I hope to do enough damage to both of them to win, that’s my goal.
On gay rights
As long as people are not harming someone else, why does the government care?
What have you been doing to since you helped Jesse Ventura's win the governor’s race in 1998, worked as director of the Office of Strategic and Long Range Planning for Ventura and served in the Senate?
I was not able to land a large law firm job. So I started up my own law practice again and I lobbied — to pay the mortgage — I mean, I had to do something. There were a couple clients and said they wanted me to represent them at the Legislature and I did. One was the new horse track in Forest Lake ... I did Metro Mobility, the bus company that I was recently driving part-time for. I had Lorillard Tobacco Company, I’m a cigar smoker so I was representing the tobacco companies — defending your right to be stupid — and I had a private prison company. So I did some lobbying, I had my law practice I was building up again, and then in 2005 Kinky Friedman lured me down to Texas ... So for a year and a half I was down in Texas trying to get Kinky Friedman elected governor I came back to Minnesota and since then I’ve been practicing law part-time and driving a Metro Mobility bus part-time until I decided to run for the Senate.
What similarities do you see between this Senate race and the 1998 governor’s race, which Jesse Ventura finally won, beating out Republican Norm Coleman and the DFL’s Hubert H. “Skip” Humphrey III:
I think there are similarities in the two candidates that are basically stuck in political speak — of saying a lot and saying nothing, of attacking each other.

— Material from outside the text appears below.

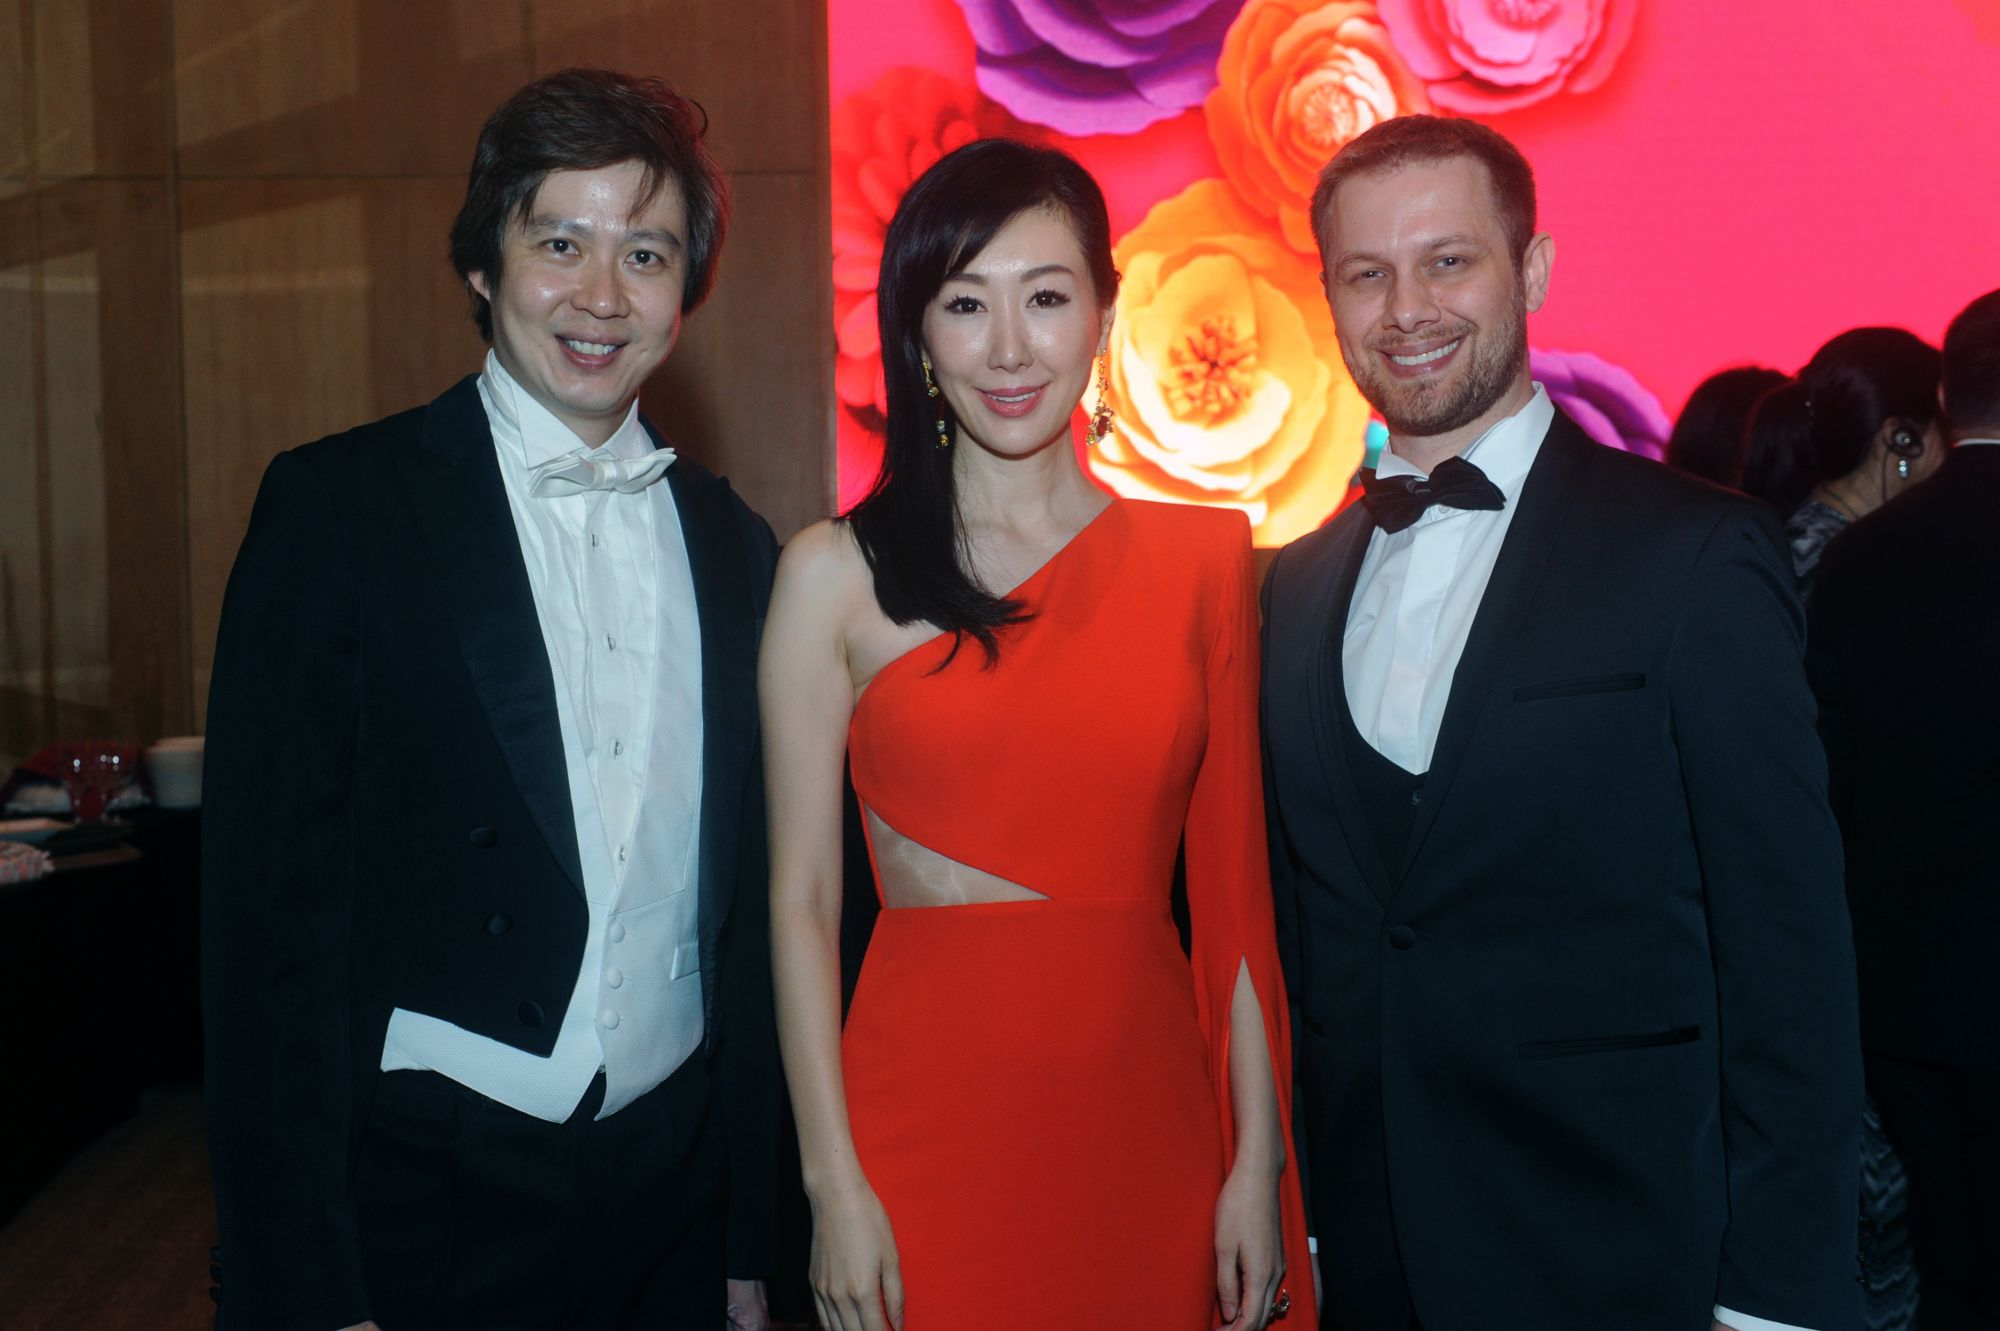 Joshua Tan, Seia Lee, Zoltan Nagy

The biggest difference is the mood of the American public. The American public is at an all time high of disgust with both political parties: a 9 percent approval rating of Congress. Only Congress can have a lower approval rating than George Bush. I think people are looking. The University of Minnesota poll that came out about a month ago asked people if they’d be willing to vote for an independent or third-party candidate and 77 percent said they would. All I need to do is get half of them and I win. So I think it’s easier now than it was 10 years ago because of the mood of the public.

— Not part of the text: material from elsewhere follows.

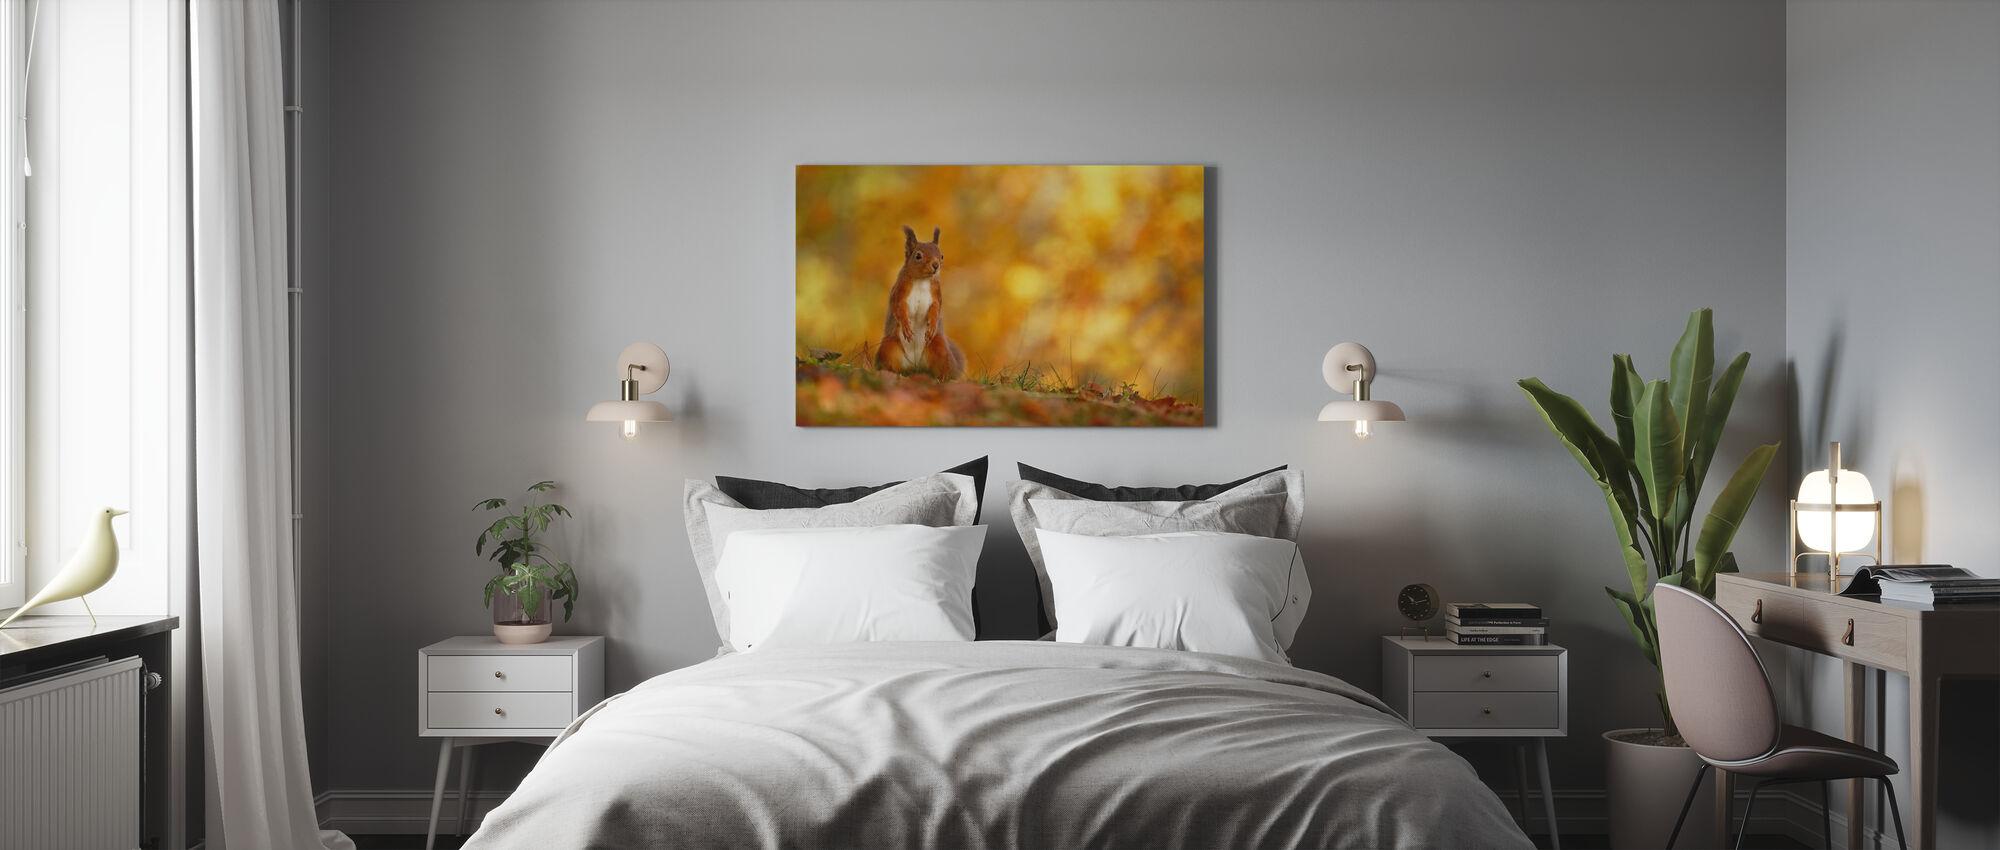 Rødt ekorn på skogbunn - Lerretsbilde - Soverom

Where do you think Minnesotans are leaning politically?
I think it’s up in the air right now. I don’t think labels mean anything now. The one thing I think you can say that Minnesotans are right now is they’re angry. They do not like what they’re seeing in this financial mess we’ve been dealing with. They don’t know who to blame and I just say, blame ‘em both. They created it. They’re the ones who can’t talk to each other anymore or come to any consensus, whether it’s Social Security, whether it’s Medicare, whether it’s heath care, whether it’s alternative energy. You name it, they’re stuck .. with a big debt.

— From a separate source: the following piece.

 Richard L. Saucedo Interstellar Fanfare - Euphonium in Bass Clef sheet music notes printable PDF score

What do you like to do in Duluth?
I used to love to come to Duluth to play rugby. We had some great parties. And I went skiing at Spirit Mountain my whole life — I love Spirit Mountain. I’ve been to Duluth a lot. It’s a fun town; it’s a fun city; you’ve got a lot to offer. And you don’t have congestion.
Is there anything else you’d like to tell the Budgeteer readers?
My message to them is that: You don’t like what you have in Congress, I know that. You have a choice between sending more of the same back — I don’t care which one it is, Norm or Al, they’re both gonna fit in or sending the country a message: If you don’t change your ways you’re gonna do something. You might be next. They will do more to shake Washington up than anything they could, maybe in their lifetime, by sending me there. Because they (the Washington elite) will get that message. But it’s (Minnesota’s) choice — all I can do is give them the option. Unfortunately they won’t see my talking fish or my bowlers on TV. But listen to the radio, they’ll hear me on the radio.